The day itself was a classic Tuesday. You know, the kind where you try to be productive but mostly end up staring blankly at your computer screen, contemplating the mysteries of the universe (like, why is the "undo" button so satisfying?). The highlight was probably successfully brewing a pot of coffee without spilling any, a personal victory I celebrated with a silent fist pump. All in preparation for the evening's grand adventure.
Now, for those unfamiliar with D&D, it's essentially collaborative storytelling with rules and dice. I play a suave (in my head, at least) elf rogue named Zephyr Shadowfoot, a master of stealth, lock-picking, and occasionally saying the wrong thing at the most inopportune moment. My real-world social skills, however, sometimes roll a natural 1 (the worst possible outcome). Tonight was a prime example.

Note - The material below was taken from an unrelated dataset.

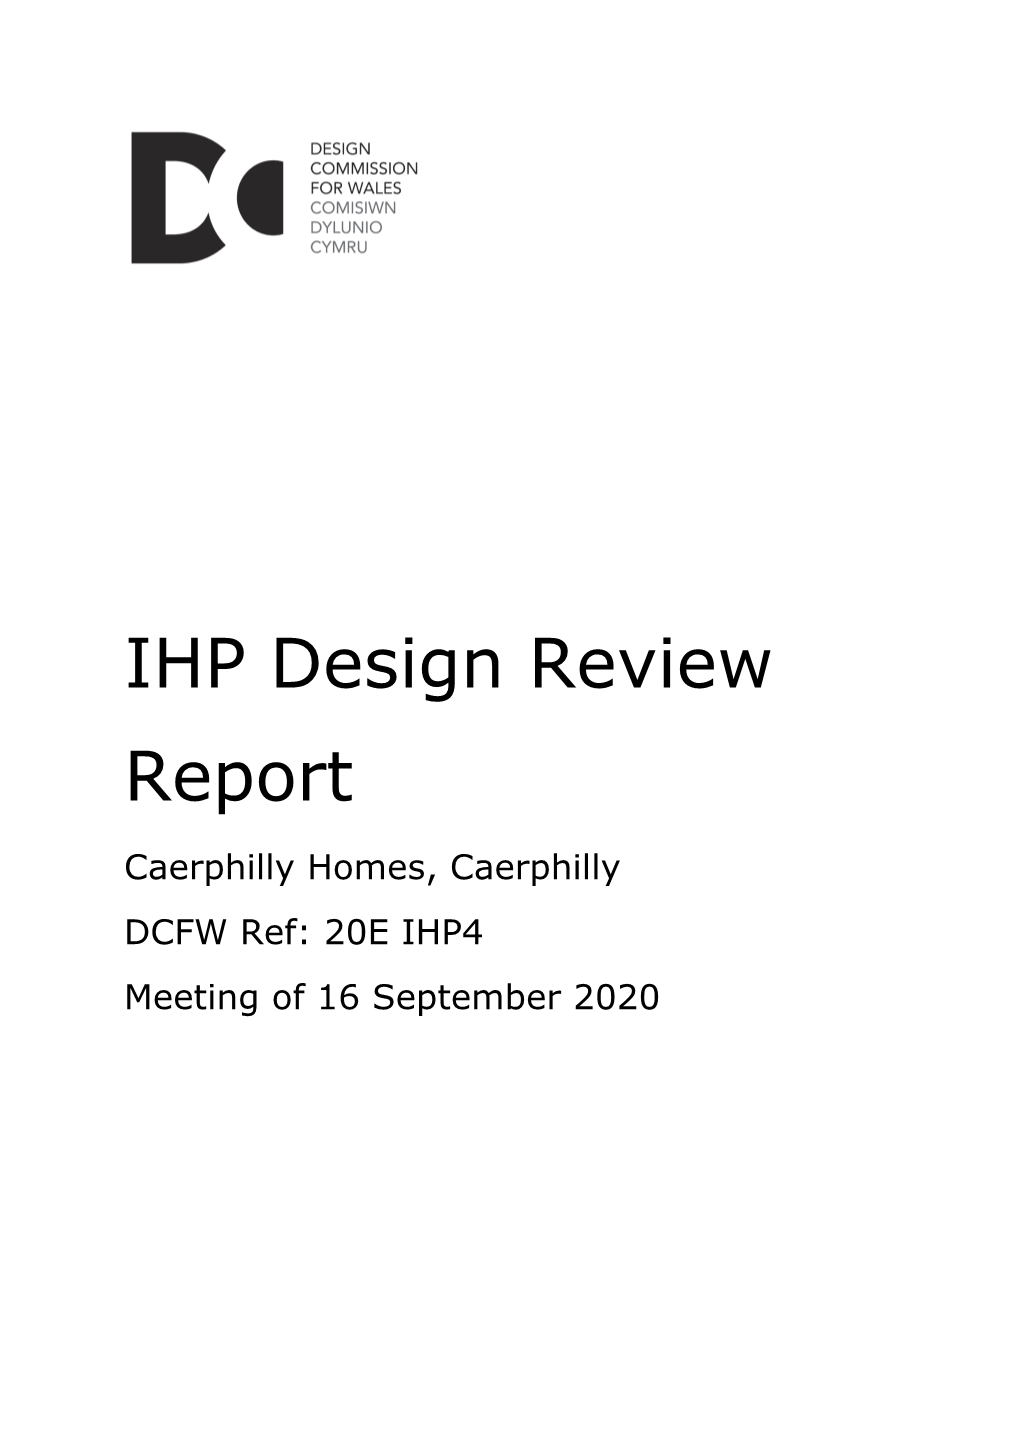 IHP Design Review Report Caerphilly Homes, Caerphilly DCFW Ref: 20E IHP4

We gathered at Sarah's, our fearless Dungeon Master, who had concocted a particularly intriguing quest involving a stolen artifact, a grumpy gnome, and a suspiciously large number of goblins. The usual suspects were present: Mark, our perpetually optimistic human paladin; Emily, the wise and slightly sarcastic half-elf cleric; and Ben, the gnome (ironically) barbarian who mostly communicated in grunts and the occasional surprisingly insightful observation.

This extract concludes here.